🤖 AI Summary
This study addresses the challenge of enhancing statistical power while rigorously controlling the false discovery rate (FDR) in multiple hypothesis testing by leveraging auxiliary variables. The authors propose a novel two-stage testing framework that integrates auxiliary information into the FDR control procedure: first, hypotheses are conditionally filtered based on auxiliary data, and then a copula-based model is employed to capture the joint dependence structure between primary and auxiliary variables, enabling dynamic adjustment of testing thresholds. The method is theoretically guaranteed to control the FDR and demonstrates substantially improved power in numerical experiments. When applied to Set4Δ mutant data, it identifies more potentially relevant genes than conventional approaches that rely solely on primary test statistics, highlighting its practical advantages in genomic discovery.
📝 Abstract
In this paper, we present novel methodologies that incorporate auxiliary variables for multiple hypotheses testing related to the main point of interest while effectively controlling the false discovery rate. When dealing with multiple tests concerning the primary variable of interest, researchers can use auxiliary variables to set preconditions for the significance of primary variables, thereby enhancing test efficacy.
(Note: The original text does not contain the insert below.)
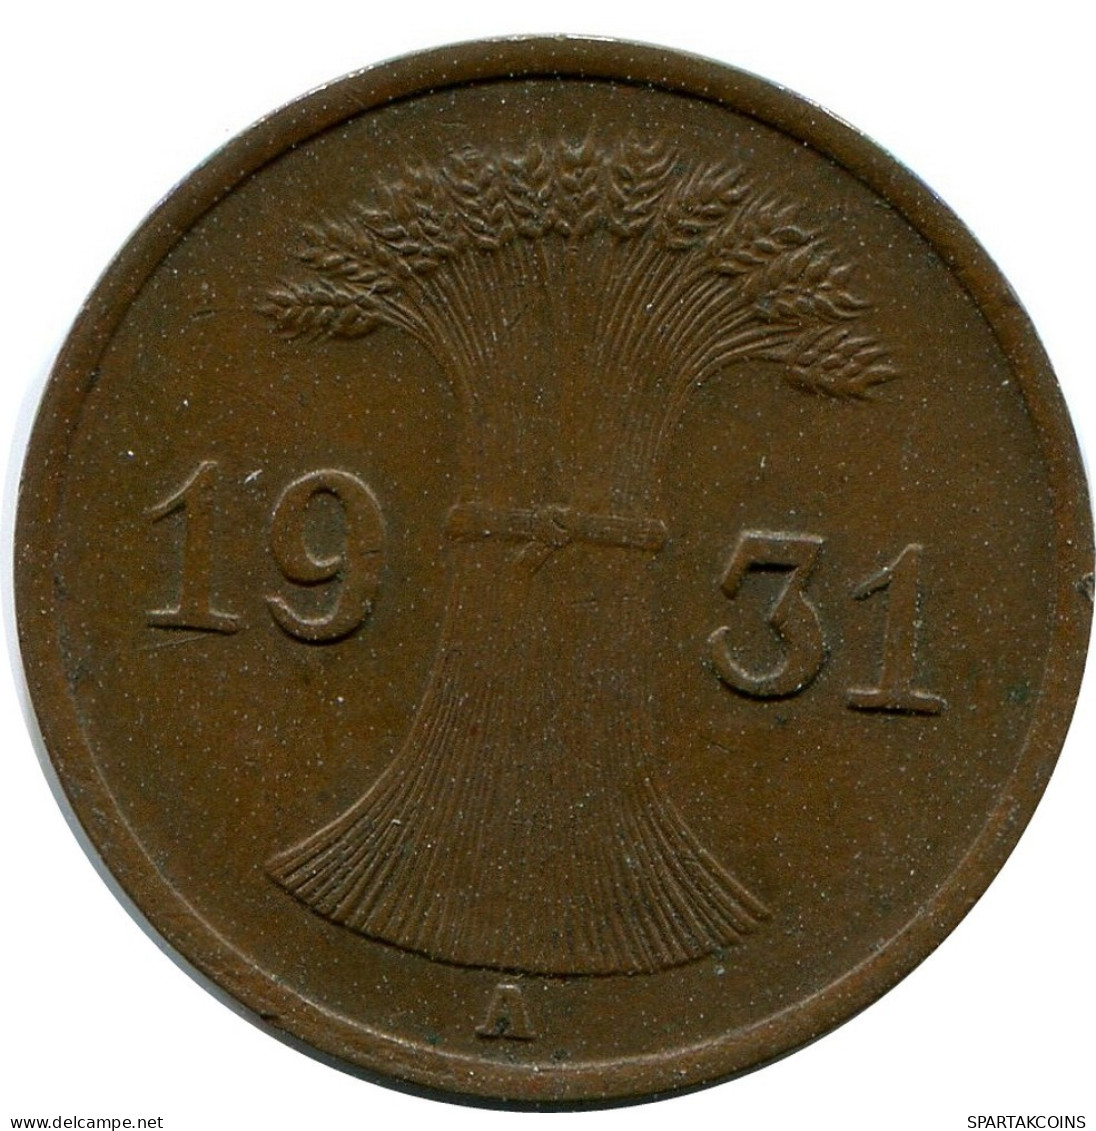 1 REICHSPFENNIG 1931 A DEUTSCHLAND Münze GERMANY #DB789.D.A - 1 Rentenpfennig & 1 Reichspfennig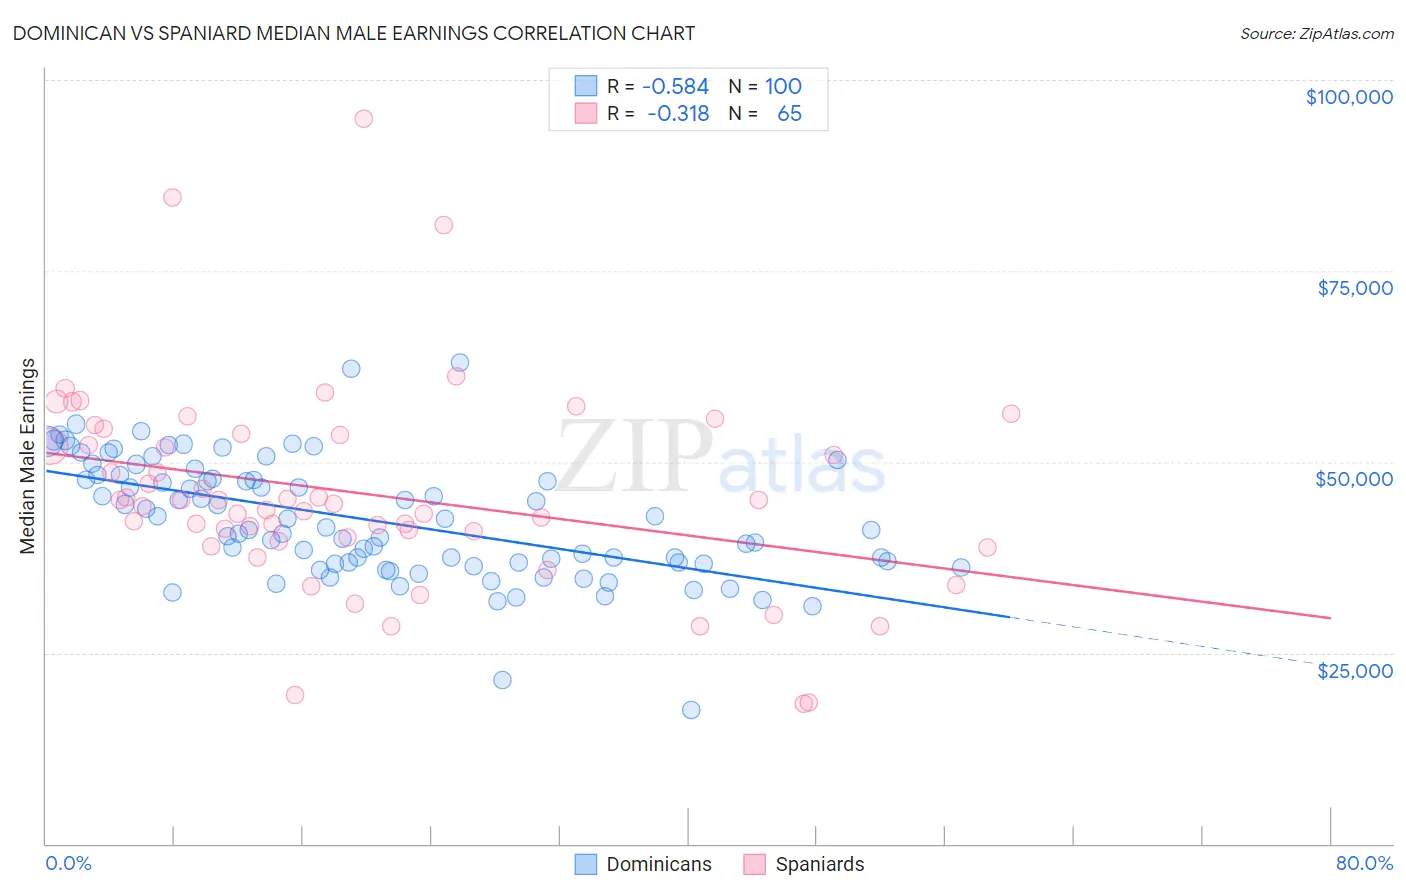 Dominican vs Spaniard Median Male Earnings

Depending on the auxiliary variable's role, we propose two approaches: one terminates testing of the primary variable if it does not meet predefined conditions, and the other adjusts the evaluation criteria based on the auxiliary variable. Employing the copula method, we elucidate the dependence between the auxiliary and primary variables by deriving their joint distribution from individual marginal distributions.Our numerical studies, compared with existing methods, demonstrate that the proposed methodologies effectively control the FDR and yield greater statistical power than previous approaches solely based on the primary variable. As an illustrative example, we apply our methods to the Set4$\Delta$ mutant dataset. Our findings highlight the distinctions between our methodologies and traditional approaches, emphasising the potential advantages of our methods in introducing the auxiliary variable for selecting more genes.